Friday's South Korean figure follows data released Thursday showing Japanese industrial output grew 3.6 percent in the last quarter of 2003, fuelled by higher demand for electronic equipment around the world but especially in China.
It was Japan's highest quarterly increase in 10 years. (See full story)
The upbeat South Korean figures are further evidence that the economy, Asia's fourth-largest, remains on track for a firm turnaround.
Business is booming in silicon chips and cars.
"Soaring exports of chips, mobile sets and autos boosted industrial activities for December, while a deceleration in consumption and investments slowed," the National Statistical Office said in a statement.
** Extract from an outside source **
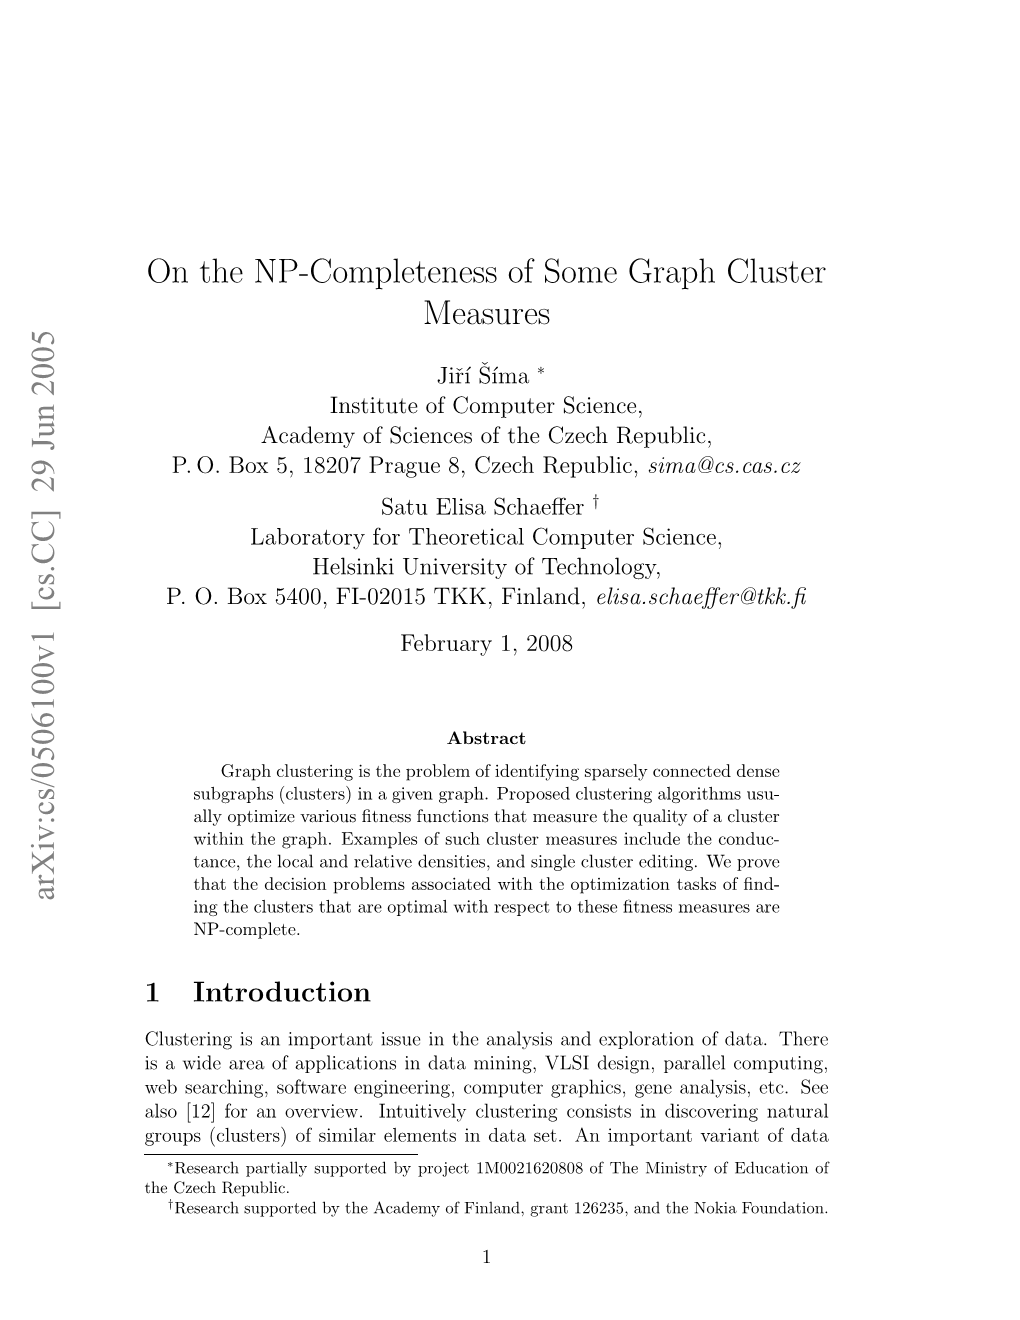 On the NP-Completeness of Some Graph Cluster Measures

South Korean Finance Minister Kim Jin-pyo said Friday he expects to see double-digit monthly export growth throughout this year.
Exports, the sole growth engine in the wake of sluggish consumption, surged 32.5 percent in December from a year earlier to $19.92 billion on a customs-cleared basis, bringing the country's trade surplus to $2.3 billion.
Output of chips soared 44 percent from a year earlier, driving top-line production higher, the statistical office said.
Production of automobiles jumped 13.4 percent, helping to power overall production for the month.
Domestic consumption, spooked by a crackdown on ballooning household debt and credit card spending as well as a big corporate scandal, remained weak as wholesale and retail sales declined 1.5 percent versus a 3.7 percent fall in November.
Corporate investment in plants and equipment was no better.
But December's 2.1 percent fall was an improvement from November's 8.3 percent slump, the office said.
Without taking seasonal factors into account, output grew 10.4 percent in December from a year earlier, versus a rise of 4.5 percent in November and an 11.4 percent advance in December, 2002.
The latest reading means industrial output for 2003 rose 5.0 percent versus an 8.0 percent increase in 2002.